What is GKE Workload identity?

Author avatar
by Linus Karlsson
2020-02-17
7 min
What is GKE Workload identity?

Workload identity is a modern way to provision keys for pods running on Google Kubernetes Engine. It allows individual pods to use a service account with a suitable set of permissions, without manually managing Kubernetes secrets.

In this article, we will describe Workload identity, compare it to other approaches, and finally show a real world example of how to configure a Kubernetes cluster with Workload identity enabled. Here at Debricked, we love new security enhancing measures that help companies and individuals to protect their data and reduce their cybersecurity risk. In this article, we describe Workload identity, and how you can use it to enhance the security of your cloud deployment.

Previous approaches to Workload identity

Workload identity is a fairly recent addition to Google Cloud Platform, introduced in the middle of 2019. It tries to remedy the lack of a flexible but secure way to access other Google Cloud Services from within Kubernetes pods. It does so by associating Kubernetes service accounts with Google service accounts. Details can be found in the introductory blog post from GCP, as well as in the official documentation for Workload identity. Let’s briefly discuss some previously used strategies, and their main drawbacks, providing a motivation for the introduction of Workload identity.

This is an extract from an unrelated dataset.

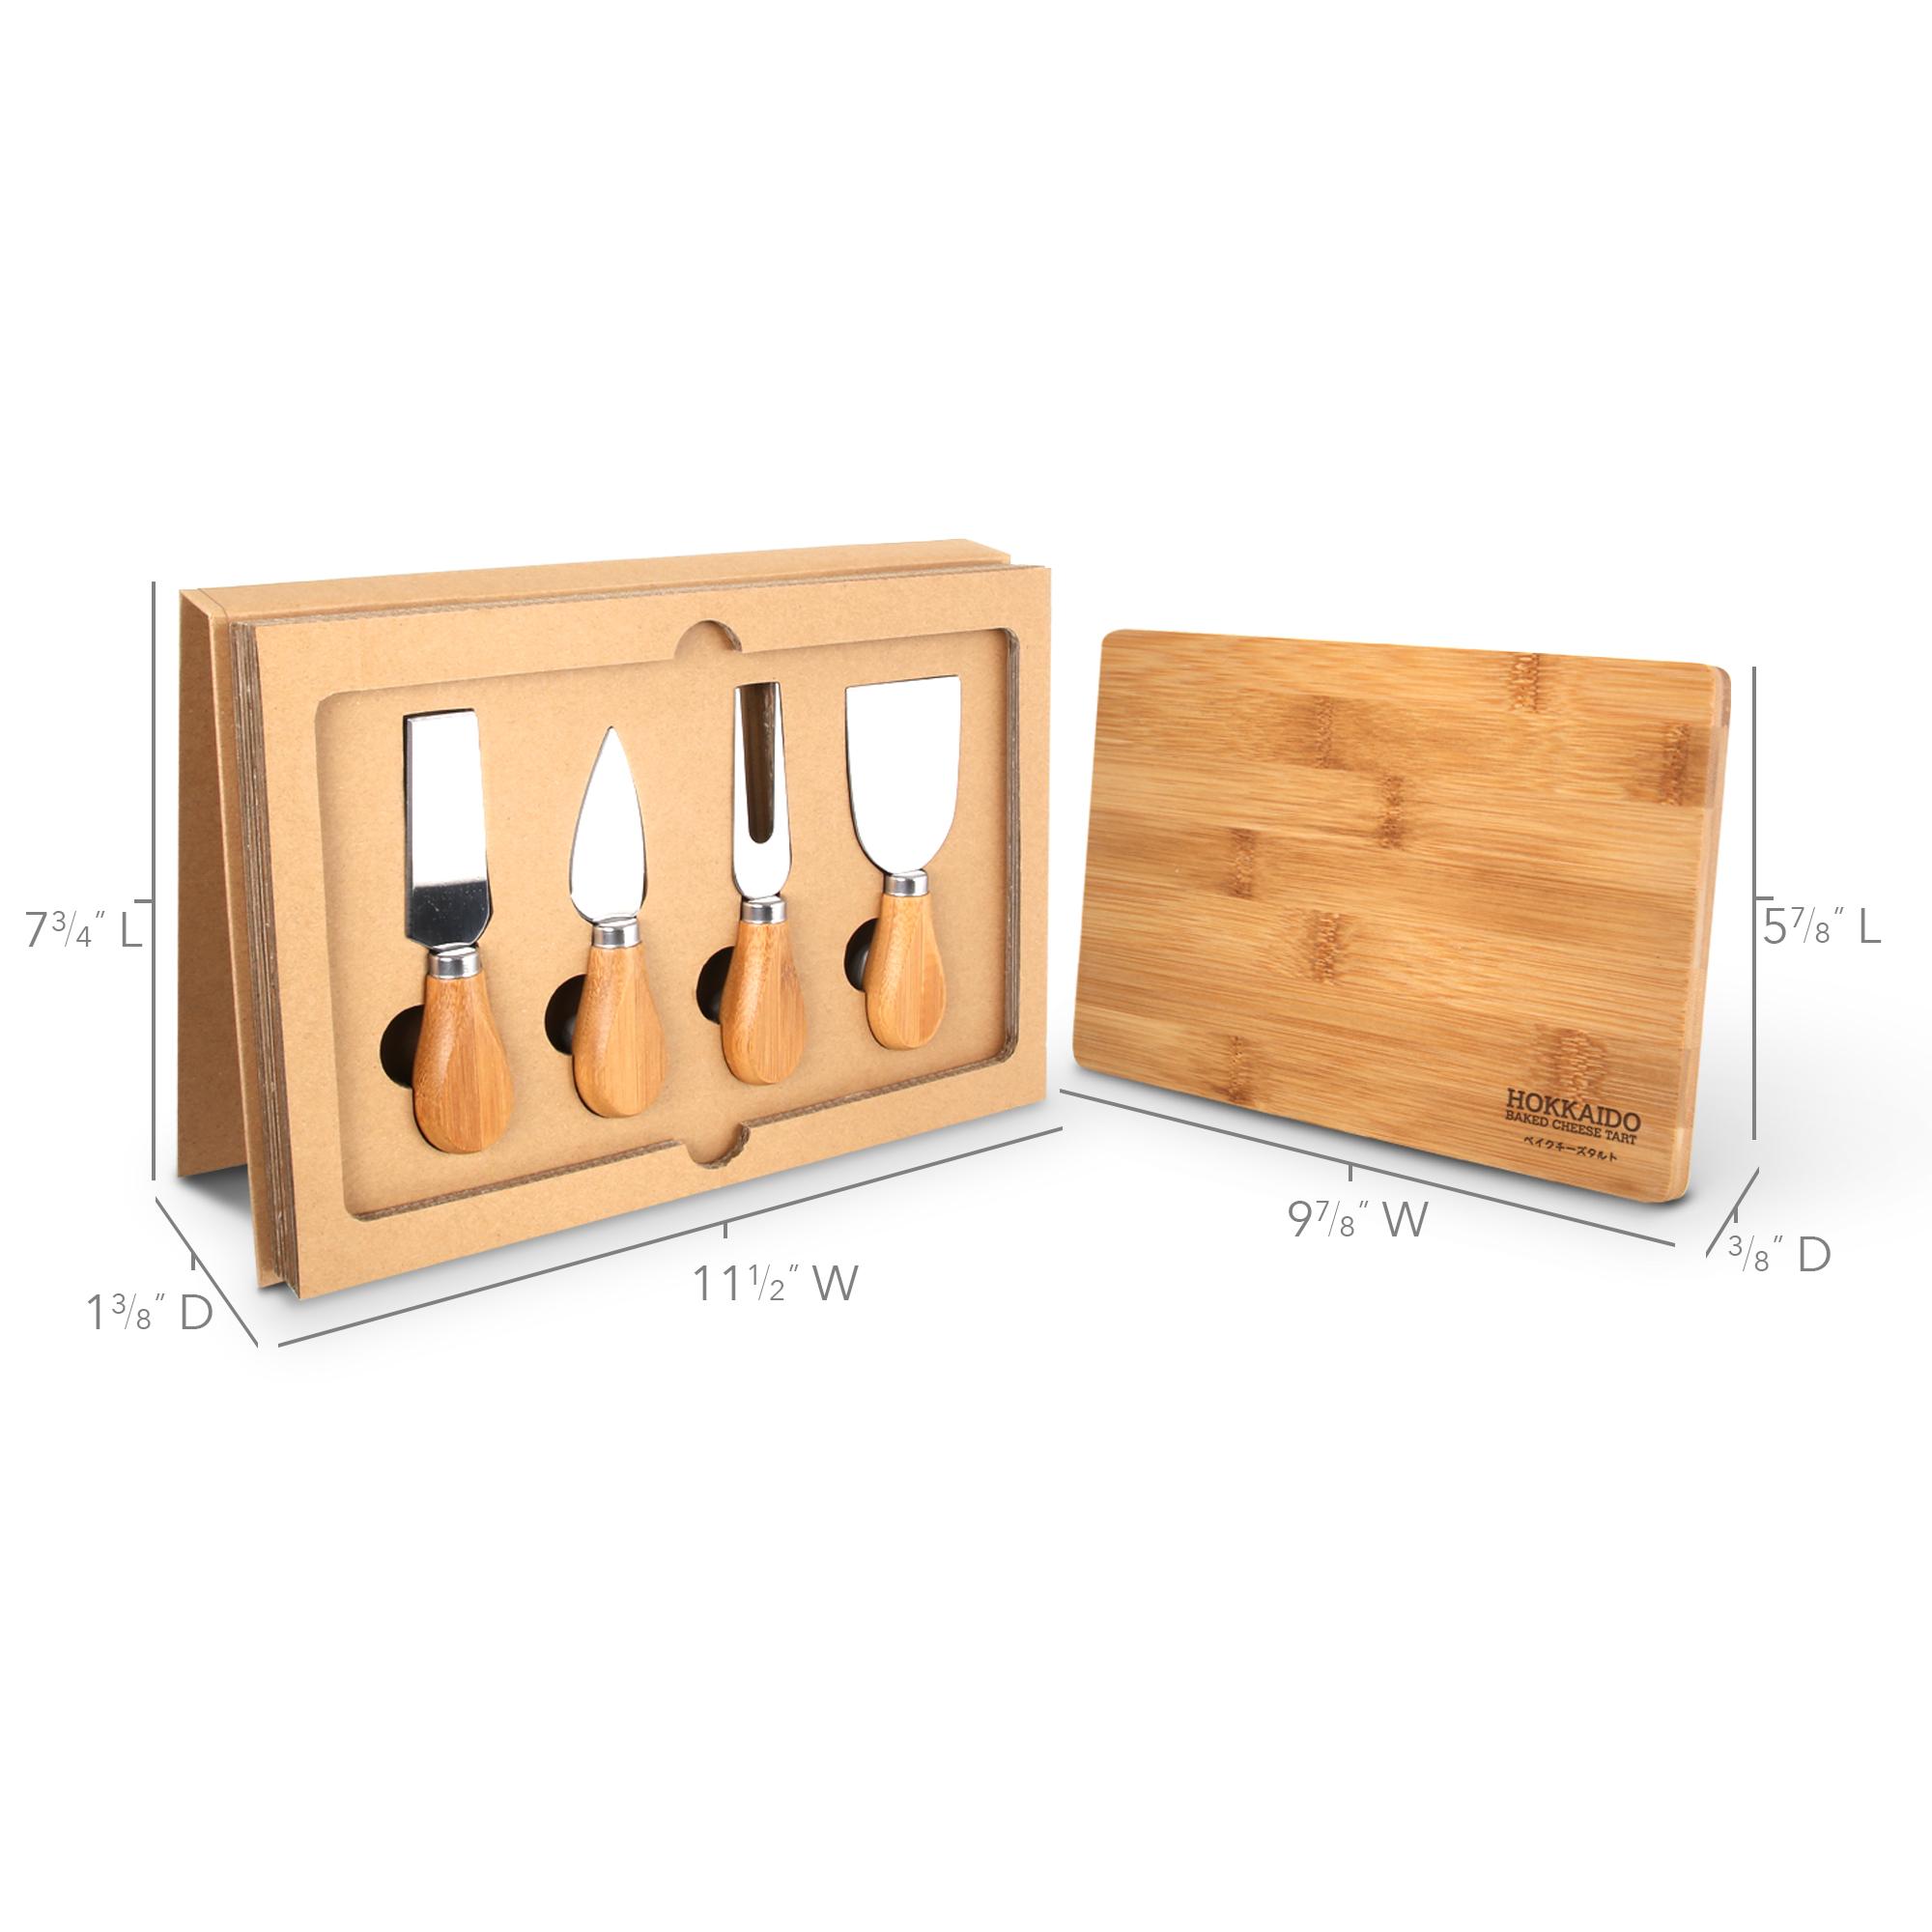 BA-65 5-Piece Cheese Knife Set & Bamboo Cutting Board w/ Gift Box
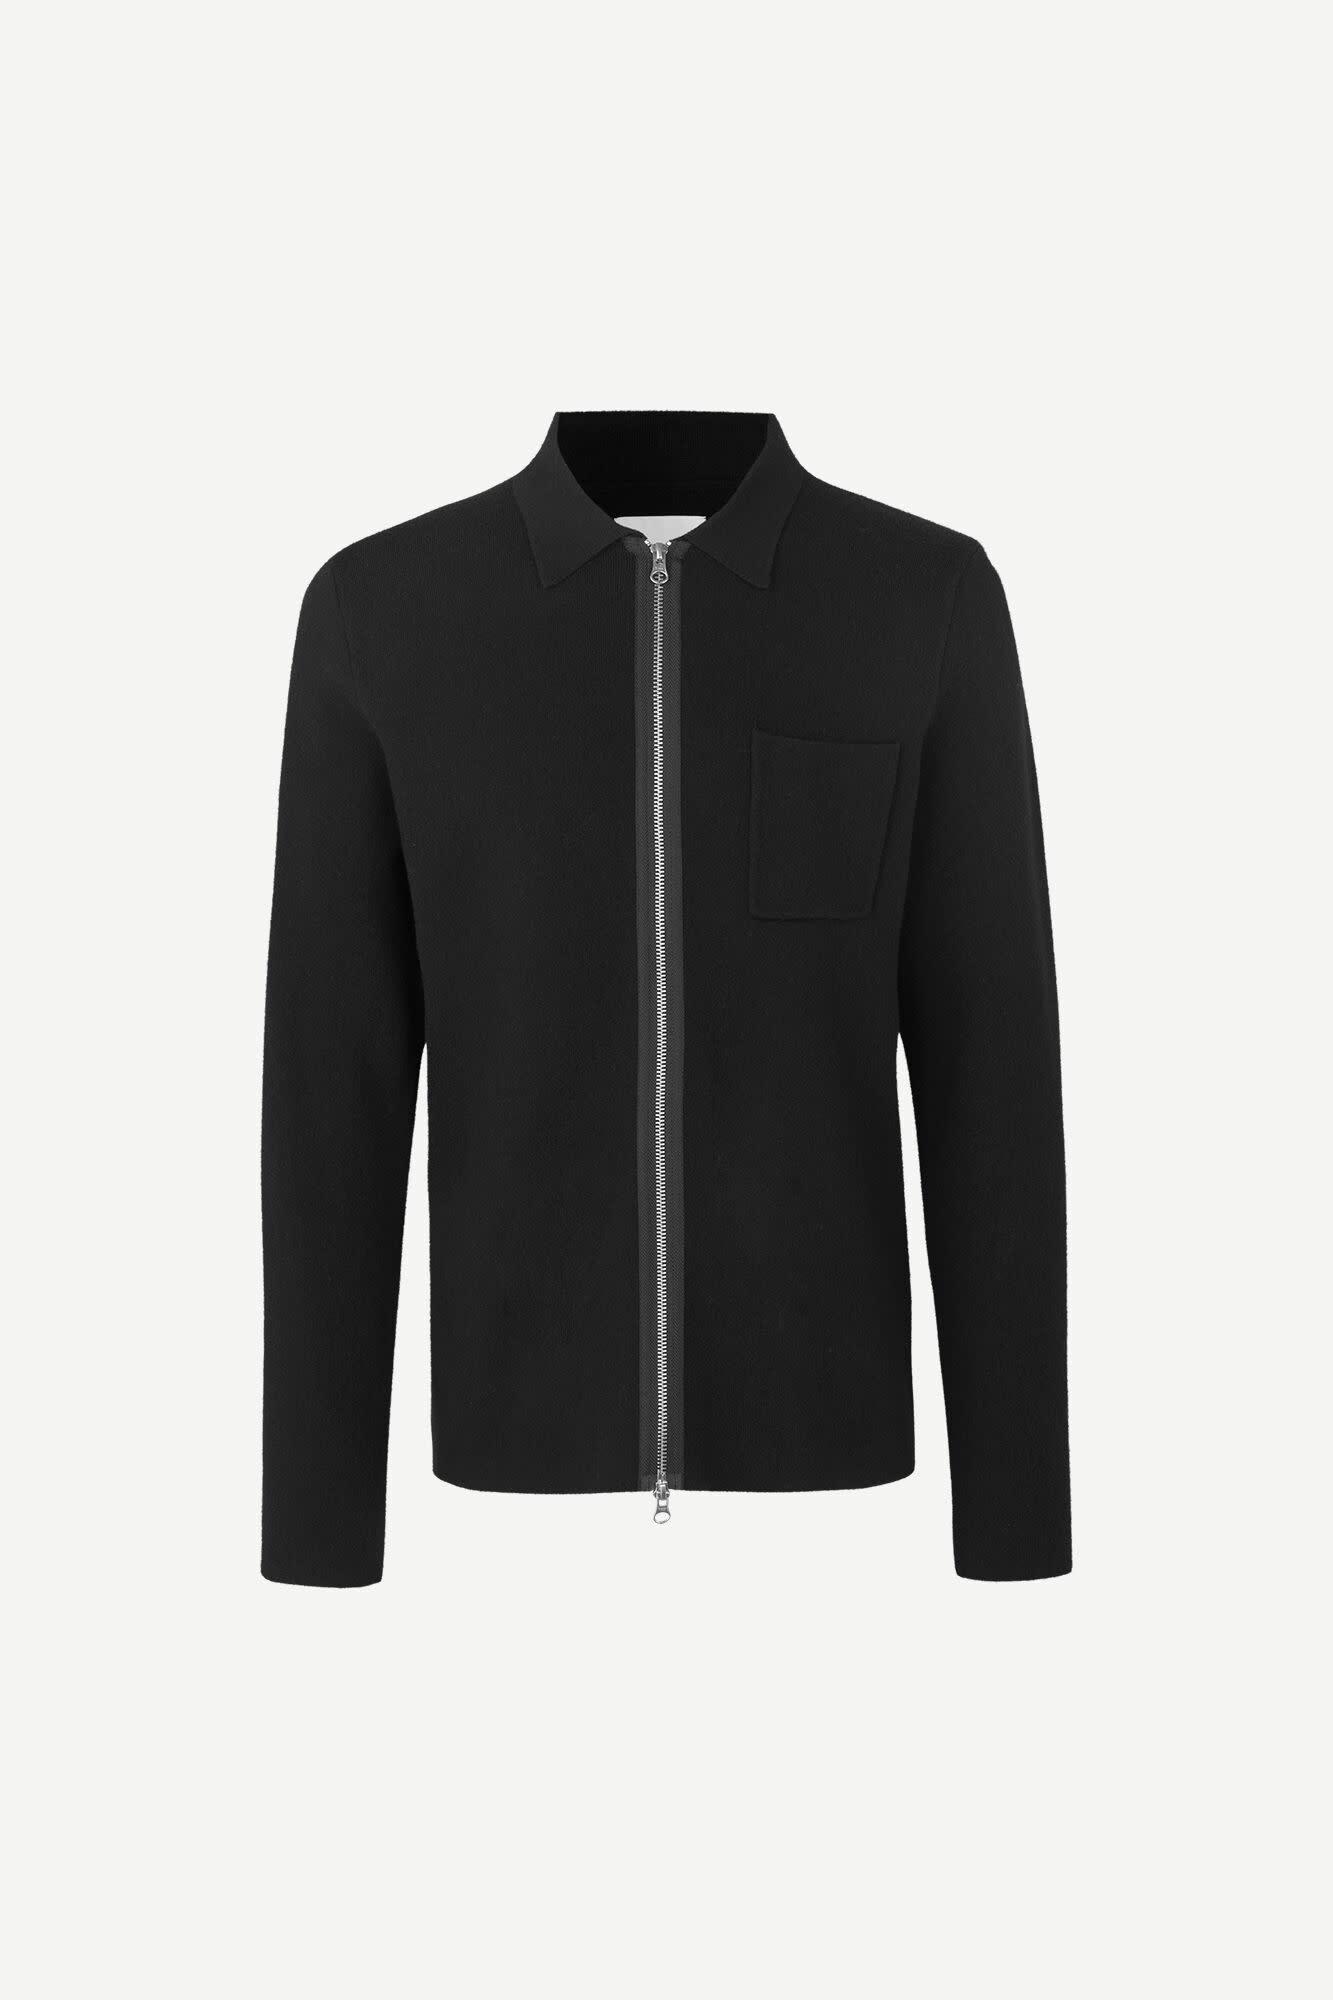 Guna X Zip Knitwear Vest Black 10490-1

Exported service account keys

In this option a Google service account is manually created and granted the required roles for the desired cloud services. To actually use the service account inside the pod, the service account keys are exported as a JSON file. This JSON file must then be provided to the pod in some way, for example through the use of Kubernetes secrets. In this case, the secret is mounted inside the container by Kubernetes, and can be used by applications in the pod. Since the keys must be explicitly handled by the user, they are called user-managed keys.

The main drawback of this solution is that the the exported keys have a very long lifetime, by default a lifetime of 10 years. Best practices include periodic rotation of service account keys, which is inconvenient to enforce when the keys are user-managed. Manual key management increases the likelihood of user mistakes, such as accidentally leaving keys on systems where they don’t belong. This is especially troublesome when the keys have a long lifetime.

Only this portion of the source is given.